Astronomy:HD 168009
| Observation data Equinox J2000.0]] (ICRS) | |
|---|---|
| Constellation | Lyra |
| Right ascension | 18h 15m 32.463s[1] |
| Declination | +45° 12′ 33.54″[1] |
| Apparent magnitude (V) | 6.307[2] |
| Characteristics | |
| Spectral type | G1 V[3] |
| U−B color index | 0.115[2] |
| B−V color index | 0.635[2] |
| Astrometry | |
| Radial velocity (Rv) | −64.9±0.1[4] km/s |
| Proper motion (μ) | RA: −77.290±0.018[1] mas/yr Dec.: −114.748±0.019[1] mas/yr |
| Parallax (π) | 42.9348 ± 0.0158[1] mas |
| Distance | 75.97 ± 0.03 ly (23.291 ± 0.009 pc) |
| Absolute magnitude (MV) | 4.52[2][5] |
| Absolute bolometric magnitude (Mbol) | 4.39±0.06[6] |
| Details[4] | |
| Mass | 0.99 M☉ |
| Radius | 1.14±0.04[6] R☉ |
| Luminosity | 1.43[7] L☉ |
| Surface gravity (log g) | 4.31 cgs |
| Temperature | 5,792±80 K |
| Metallicity [Fe/H] | −0.02 dex |
| Rotation | 5.985±0.019 d[8] |
| Rotational velocity (v sin i) | 3[5] km/s |
| Age | 8.1 Gyr |
| Other designations | |
| Database references | |
| SIMBAD | data |
HD 168009 is a star in the northern constellation of Lyra. It has an apparent visual magnitude of 6.3,[2] placing it just above to below the normal limit of stars visible to the naked eye under good viewing conditions of 6-6.5. An annual parallax shift of 42.93 mas provides a distance estimate of 76 light years. It is moving closer to the Sun with a heliocentric radial velocity of −65 km/s.[4] In about 328,000 years from now, the star will make its closest approach at a distance of around 17 ly (5.1 pc).[10]

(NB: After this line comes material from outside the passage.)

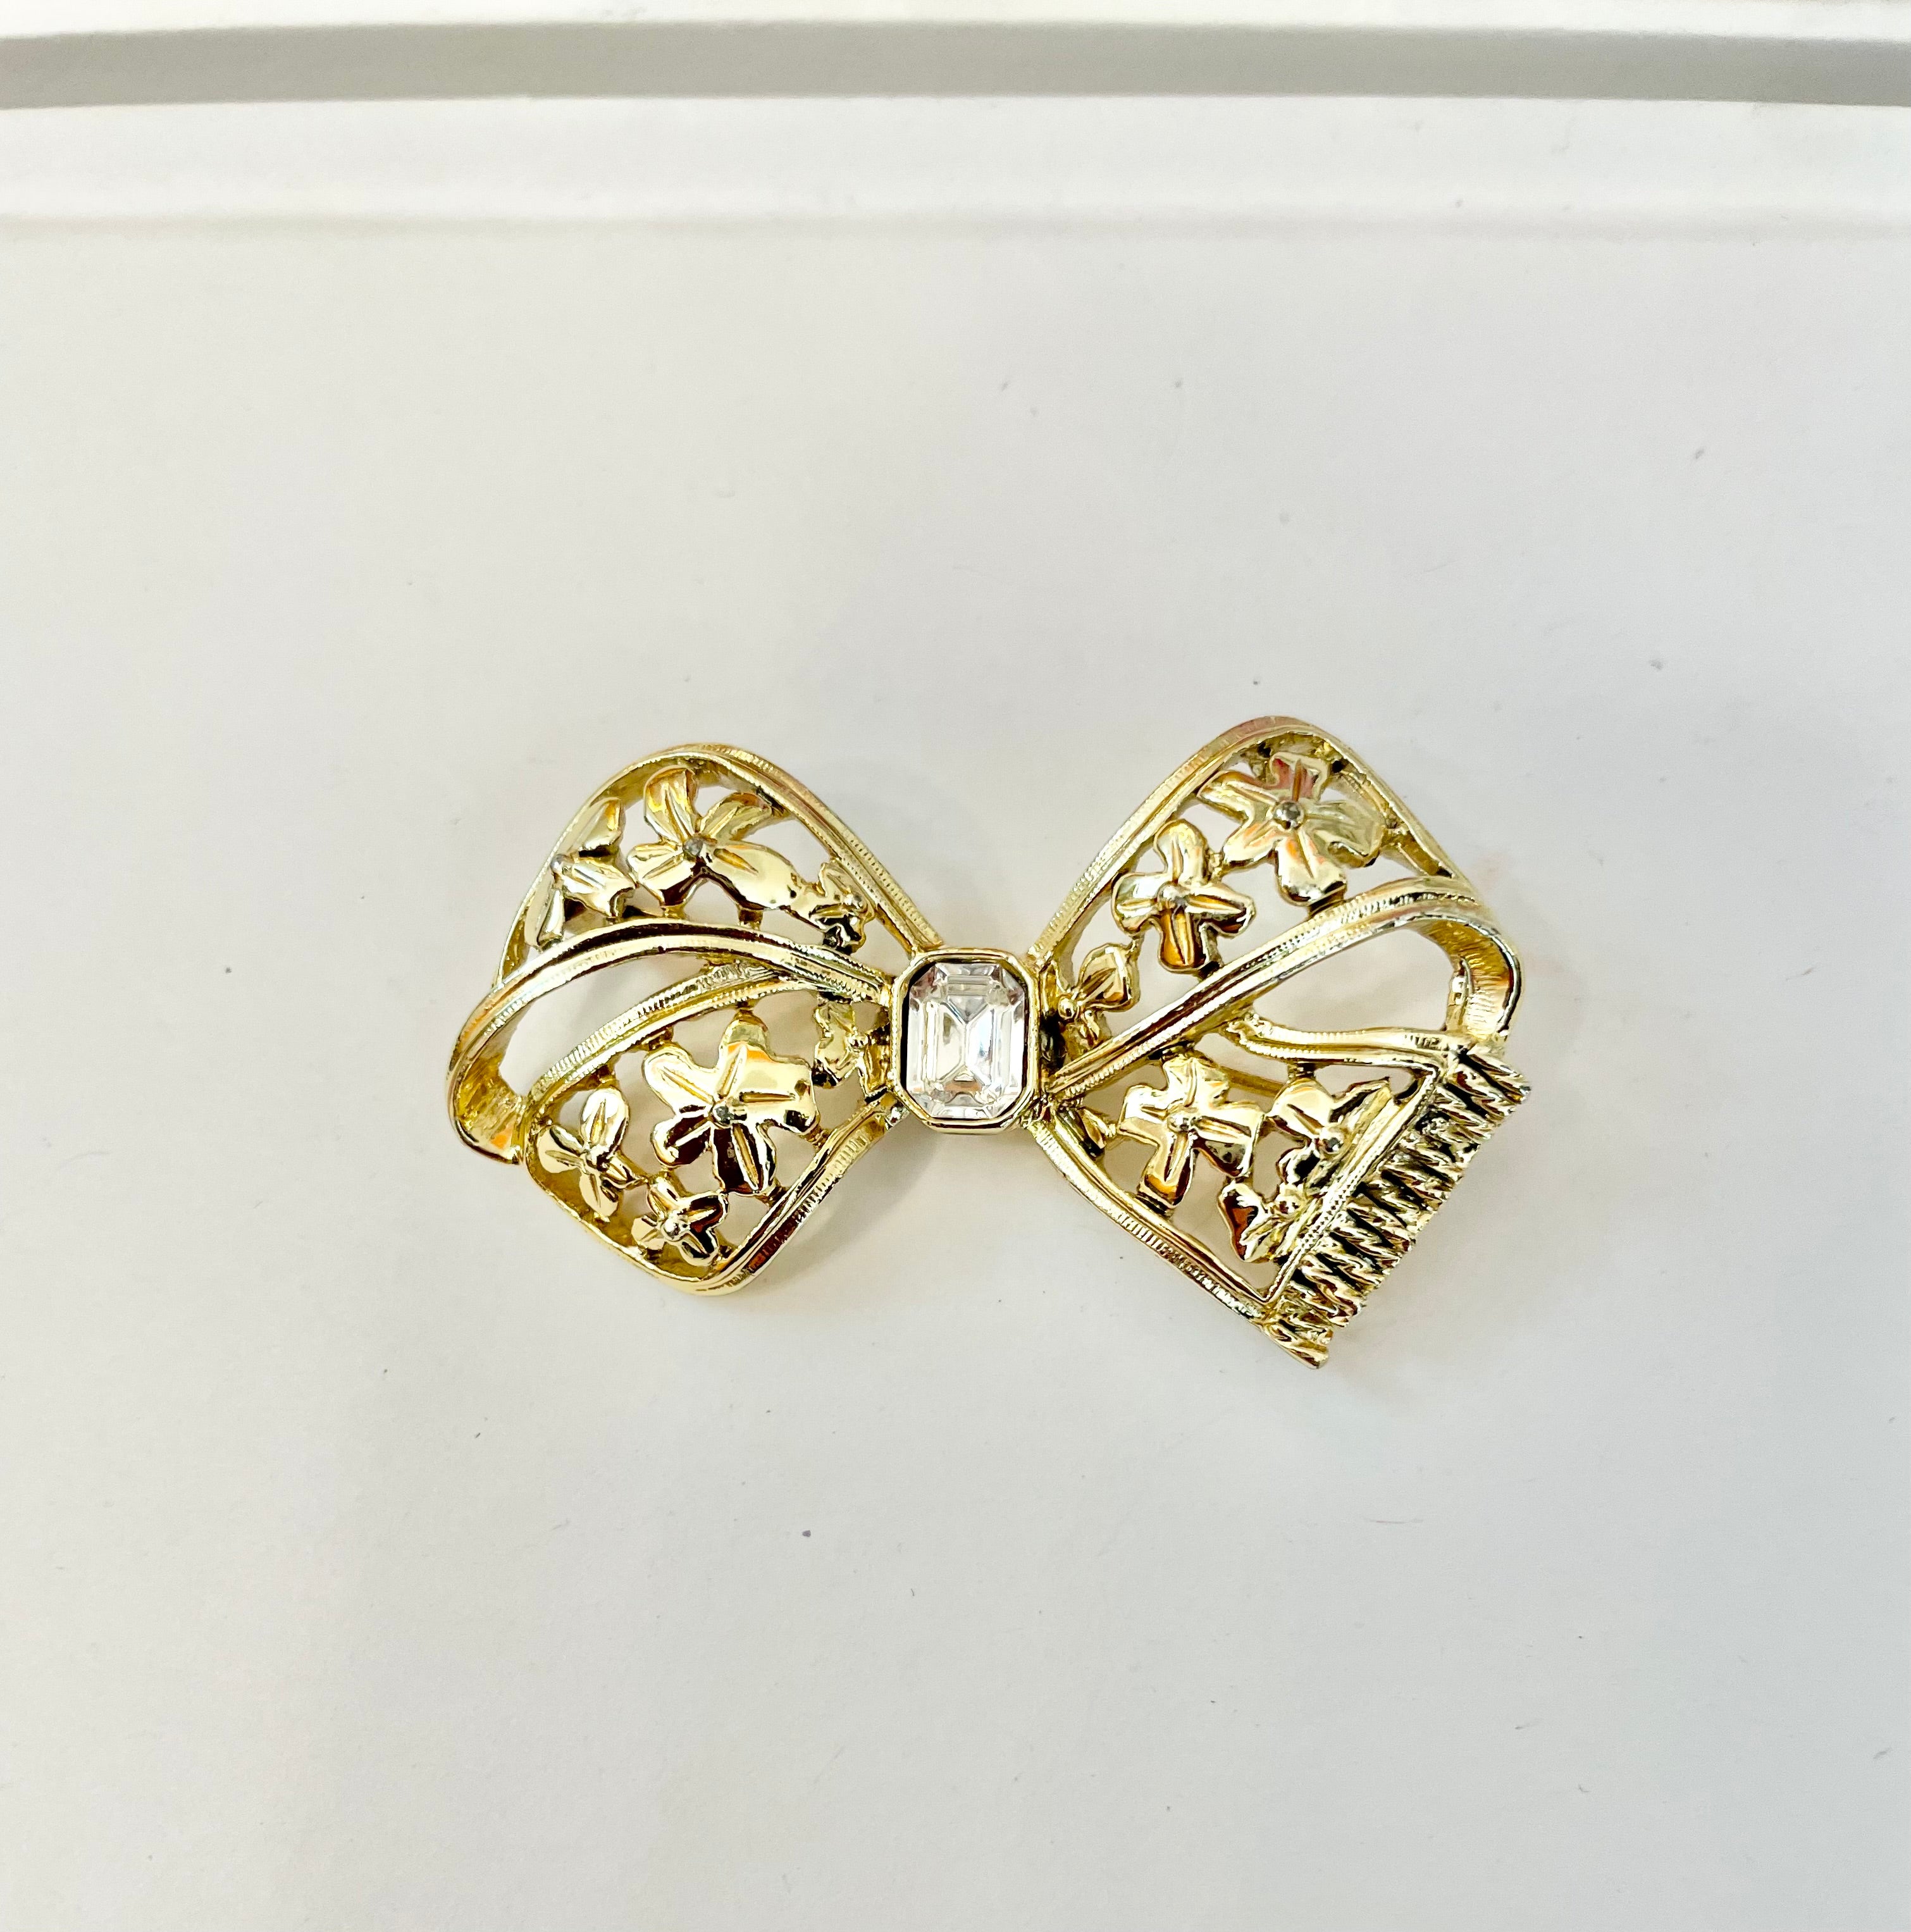 The preppy gals love a classy bow brooch!!

This is a solar analog,[2] which means its measured properties are similar to those of the Sun. However, it is much older than the Sun with an estimated age of around 8.1 billion years.[4] The spectrum matches a stellar classification of G1 V,[3] indicating this is an ordinary G-type main-sequence star that is generating energy through hydrogen fusion at its core. The level of chromospheric activity is low, making it a candidate for a Maunder minimum event.[4]
HD 168009 has about the same mass as the Sun, but is 14% larger in radius.[6] It has a similar metallicity to the Sun – what astronomers term the abundance of elements other than hydrogen and helium – and is spinning with a rotation period of six days.[8] The star is radiating 1.43[7] times the Sun's luminosity from its photosphere at an effective temperature of 5,792 K.[4] It has been examined for an infrared excess that may indicate the presence of a circumstellar disk of dust, but no statistically significant excess was detected.[11][12]
Planetary system
In 2020, a candidate exoplanet was detected orbiting this star. With a minimum mass of 0.03 |♃|J}}}}}} (9.5 M⊕) and an orbital period of 15 days, this would most likely be a hot mini-Neptune.[13] The planet existence was confirmed in 2021.[14]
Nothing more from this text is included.